10:00 PM PDT on Tuesday, October 5, 2010 By CARL LOVE Special to The Press-Enterprise

When it comes to complicated relationships, the one between the Pechanga Resort & Casino and the city of Temecula ranks right up there with any tortured celebrity romance.


The casino brags it's the biggest and best in California. Temecula boosters are happily capitalize on that claim, gleefully noting that a weekend getaway here includes Wine Country, Old Town, golfing and gambling tables.

The casino has showered area charities with cash. Southwest Riverside County high schools have received $2.5 million since 1998 from the casino, funding scholarships to athletic supplies. The casino donated another $1.5 million toward construction projects for the area Southwest Boys & Girls Clubs.

The casino is a major area employer. Pechanga public affairs representative Jacob Mejia estimates that, within Temecula alone, the tribe's economic impact results indirectly in more than 11,000 jobs.
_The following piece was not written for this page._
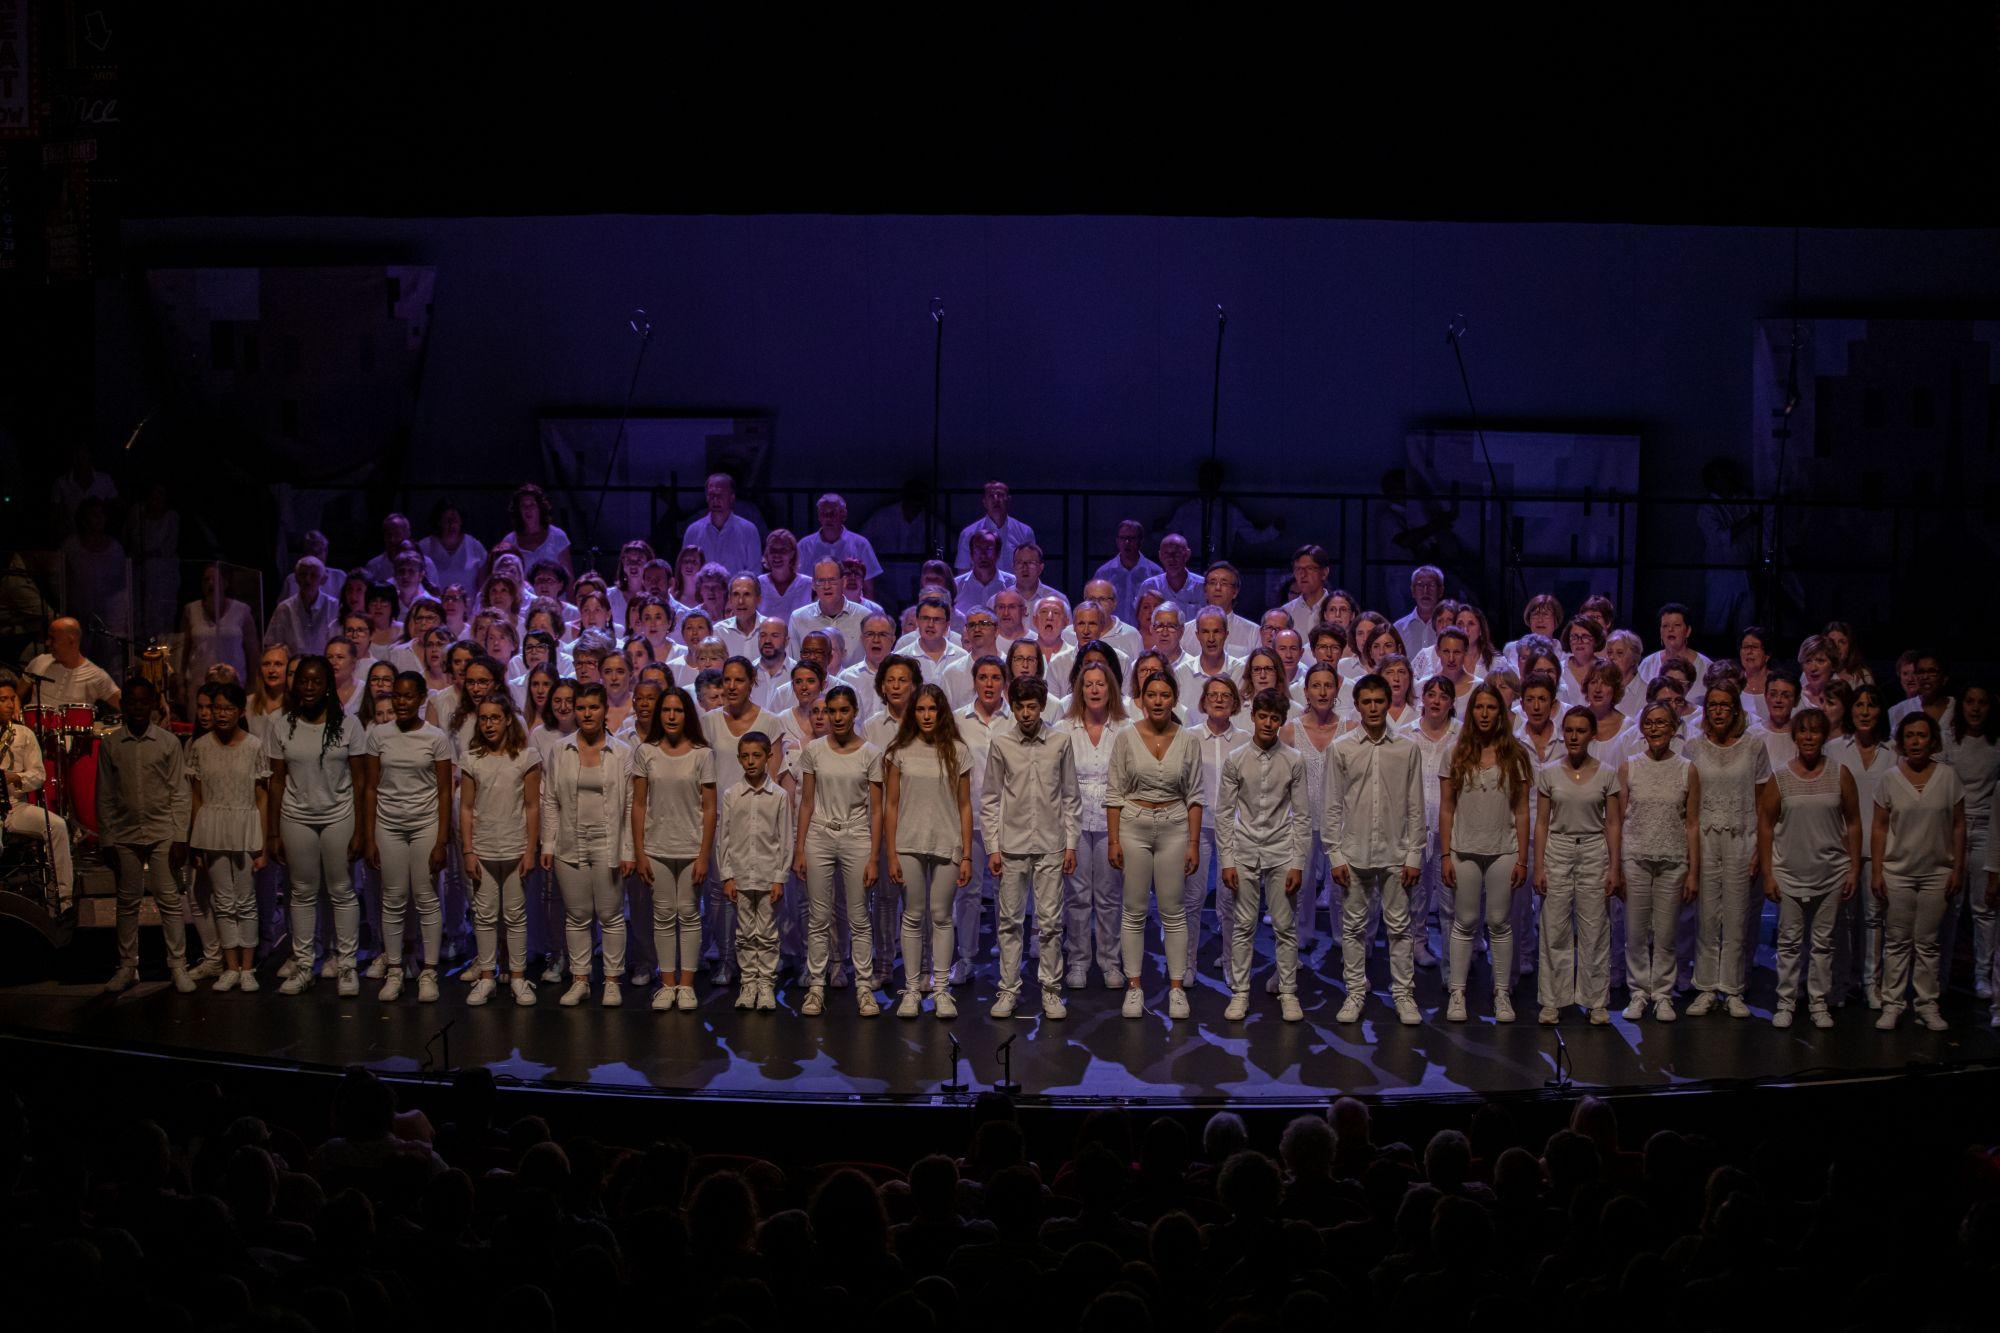 concertbroadway-534

That's a major economic force. In these tough times, who would want to mess with that? Yet that's what the city of Temecula is daring to do with last week's lawsuit against the Pechanga Band of Luiseño Indians.

The argument is over a March agreement between the tribe and city, calling on Pechanga to pay the city at least $2 million annually to cover casino-related expenses such as police. In addition, the tribe agreed to contribute $10 million or secure federal dollars in the same amount to improve a brutal Interstate 15 interchange near the casino, one often tied up with gambler traffic.
The city expected the tribe to pay by June 30, but Pechanga contended the agreement isn't final until talks with Riverside County are done.


That led to the lawsuit, which could have statewide implications in determining when tribes have to mitigate casino impacts on government services.
Then there is the moral factor that's always operated beneath the surface. Temecula prides itself on being a family-friendly place and the community is teeming with conservative Christian churches. But what about the casino? No matter how you spin it, it's about gambling -- not exactly a wholesome activity. The money doled out by Pechanga to area good causes is primarily derived from the casino.


Yet as Pechanga's Mejia noted, Temeculans a couple years ago "voted overwhelmingly" (61 percent to 39 percent) to back a proposition that allowed Pechanga to operate up to 7,500 slot machines.


More slot machines means more customers for the casino and more traffic for Temecula streets. Anybody who goes by the casino knows how congested that area can be.


Presumably the two sides will resolve this dispute because it's in both their interests, economic that is.

What won't be resolved is this uneasy sense that Temecula, a community that espouses family values, is somehow compromising its moral principles in continuing to promote a casino and even profiting from its largess.